Class BuildJunkTrainingData
Script groups are derived entirely from the data: for each language directory
the dominant Unicode script is detected by histogramming Character.UnicodeScript
over a sample of sentences (COMMON, INHERITED, and UNKNOWN pseudo-scripts excluded).
Languages that share the same dominant script are pooled. No script groups are
hardcoded.
The total byte budget is distributed across script groups proportionally to each group's empirical byte-bigram entropy, measured from a small sample. Scripts with high entropy (e.g. CJK, which has thousands of distinct 3-byte codepoints) receive a proportionally larger allocation than low-entropy scripts (e.g. Arabic, whose UTF-8 high bytes cluster in a narrow 0xD8-0xDB range). This ensures every script's bigram table is estimated with comparable statistical quality regardless of character-set size.
Within each script group the byte budget is distributed evenly across its member languages, ensuring diversity (no single language dominates).
Input format (sentences_madlad.txt and sentences_wikipedia.txt):
lineNum TAB text, UTF-8. MADLAD records contain literal \n escape
sequences as sub-sentence separators (full scraped documents); Wikipedia records
are individual sentences. Both are split/cleaned to sentence-level strings.
Output:
output-dir/
{script}.train.gz — 80% split, one NFC-normalised sentence per line
{script}.dev.gz — 10% split, used for calibration (mu/sigma)

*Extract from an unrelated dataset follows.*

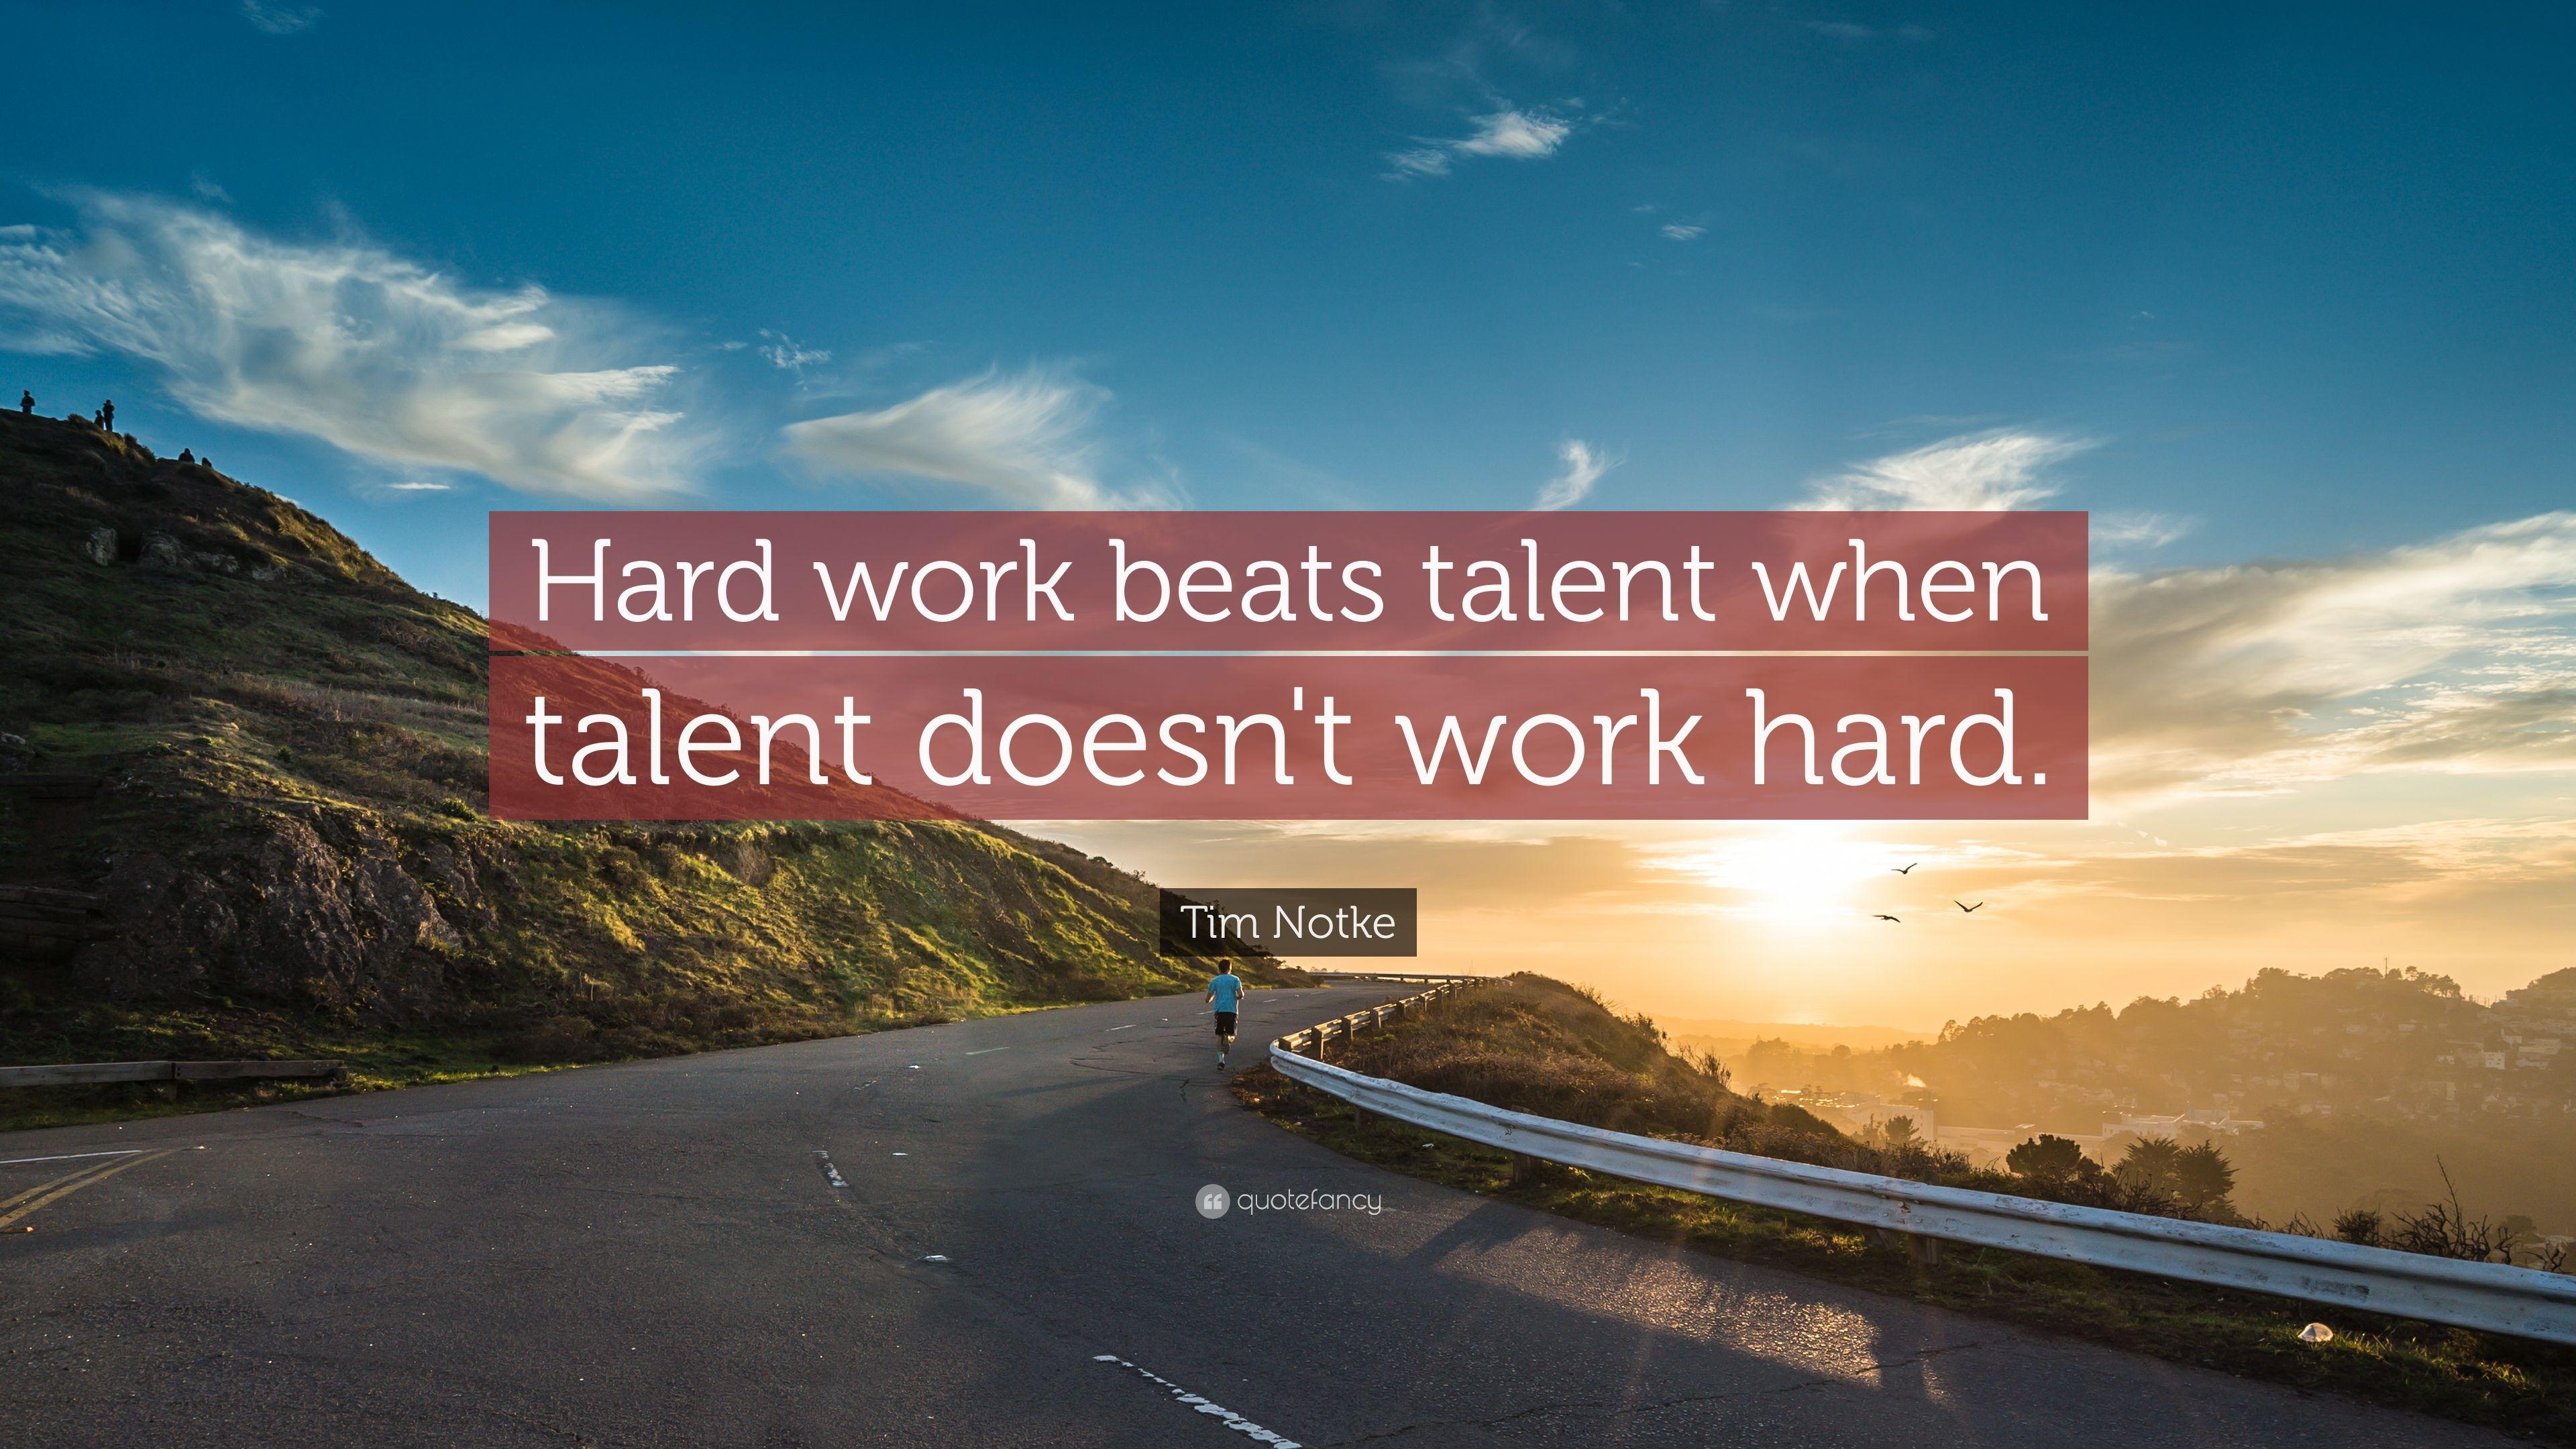 Tim Notke Quote: “Hard work beats talent when talent doesn't work

{script}.test.gz — 10% split, held out for final evaluation only
manifest.tsv — per-script stats: entropy, budget, bytes written, languages
Usage:
java BuildJunkTrainingData \
--data-dir ~/datasets/madlad/data \
--output-dir ~/datasets/madlad/junkdetect \
[--total-budget-bytes 50000000]
-
Constructor Summary
Constructors -
Method Summary
-
Constructor Details
-
BuildJunkTrainingData
public BuildJunkTrainingData()
-
-
Method Details
-
main
- Throws:
IOException
-